2403 2401
Cmi
☀13.9mag
Ø 48''

William Herschel discovered NGC 2402 = H III-19 = h453 on 11 Mar 1784 (sweep 163) and recorded "2 vS and close stars suspected to be mixed with some nebulosity, but not having a higher power at hand I could not put them to the trial. However I rather think it may be a fallacy." His position is 5' NE of UGC 3891 = PGC 21176. John Herschel observed this galaxy on 3 sweeps, logging on 18 Jan 1828 (sweep 120), "eF; among several stars 13...14m; one = 14m is in the nebula." My position is on the brighter southwest galaxy. See Harold Corwin's comments.

400/500mm - 17.5" (11/25/87): faint, very small, round. A mag 14 star is at the east edge 22" from center. A chain of four stars begin with a mag 14 star 40" N and forms a line to the NW. Located 3' N of mag 8.8 SAO 115540. This is a double system in contact, though the fainter companion (PGC 200236) at the NE edge was not noticed.

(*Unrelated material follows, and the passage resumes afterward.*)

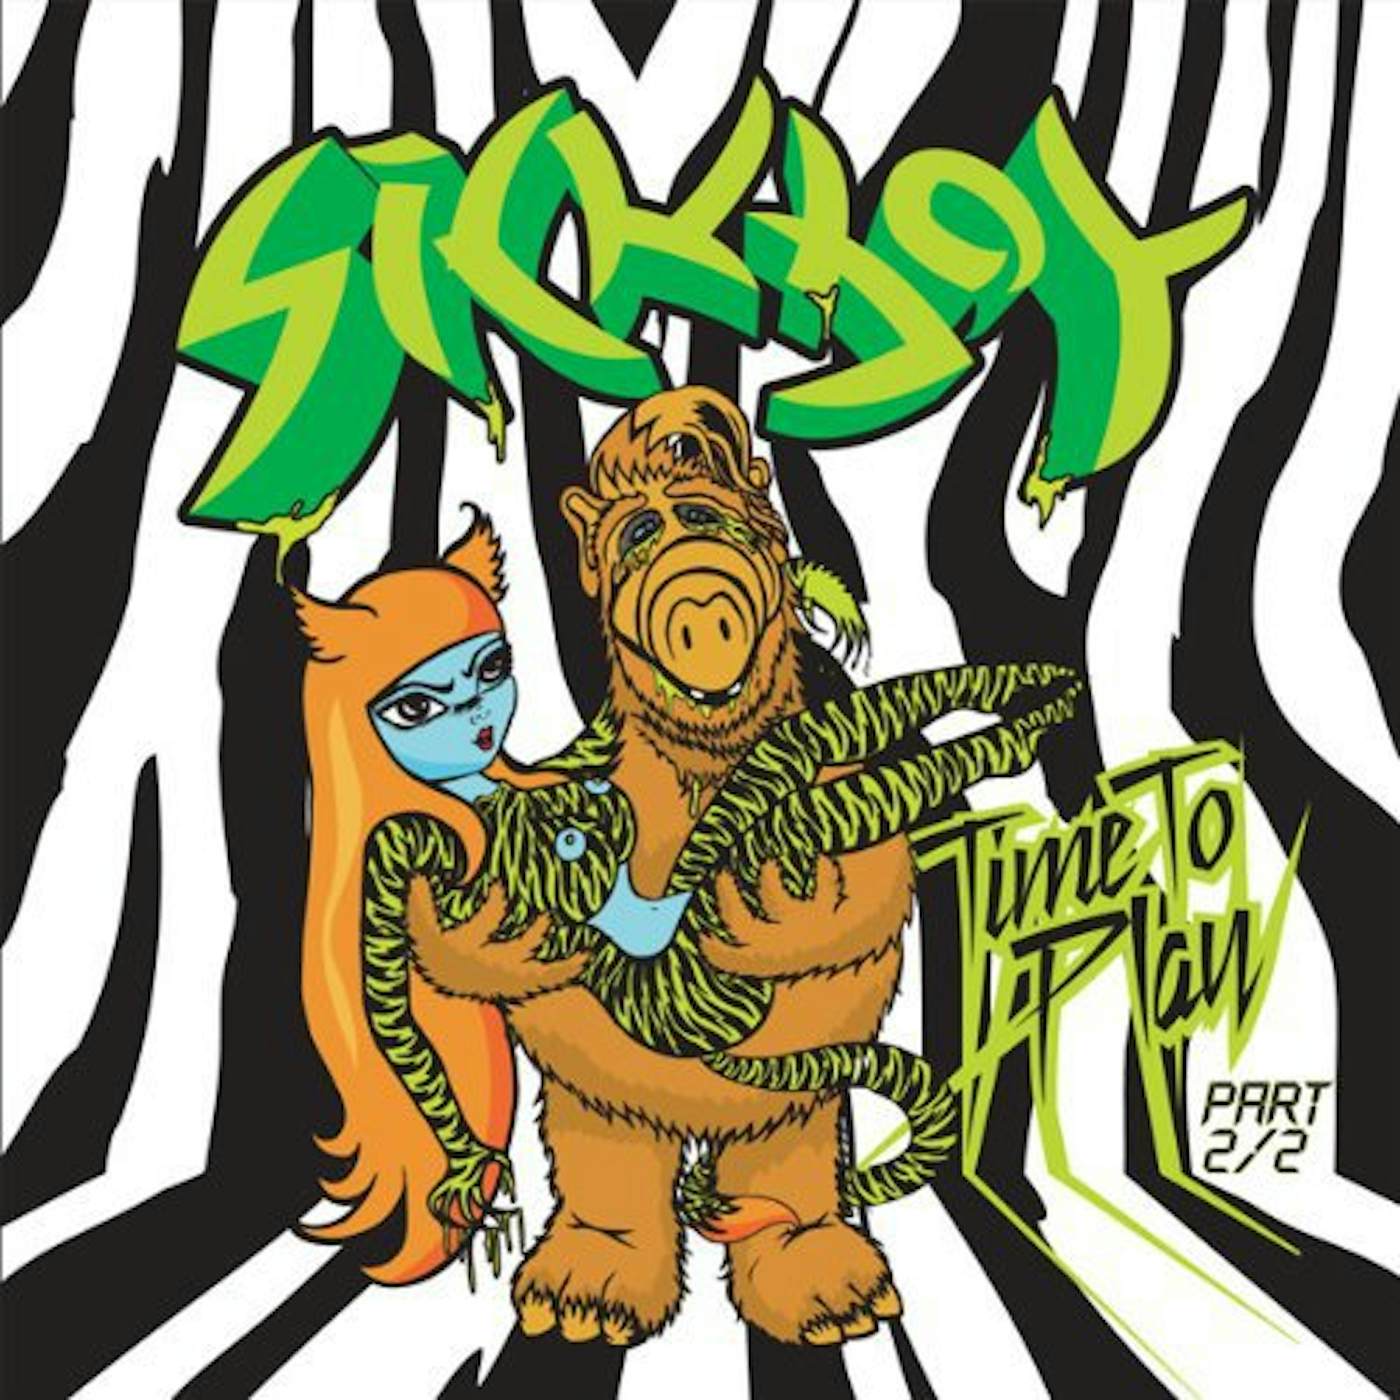 Sickboy TIME TO PLAY 2 Vinyl Record

600/800mm - 24" (2/16/15 and 2/14/15): at 322x; faint to fairly faint, small, slightly elongated, ~25"x20", weak concentration with a very small brighter nucleus. A mag 13.5-14 star is at the east-northeast edge [21" from center]. This star is the last of four in a northwest to southeast string with two mag 13 stars and a mag 11 star at the northwest end. Also, a fainter mag 14.5 star is superimposed on the north edge - just 10" from center!

Forms a double system with PGC 200236 at the northeast edge [30" from center]. At 450x, it was seen as a very faint round knot (not 100%, but often visible with concentration), roughly 6" diameter.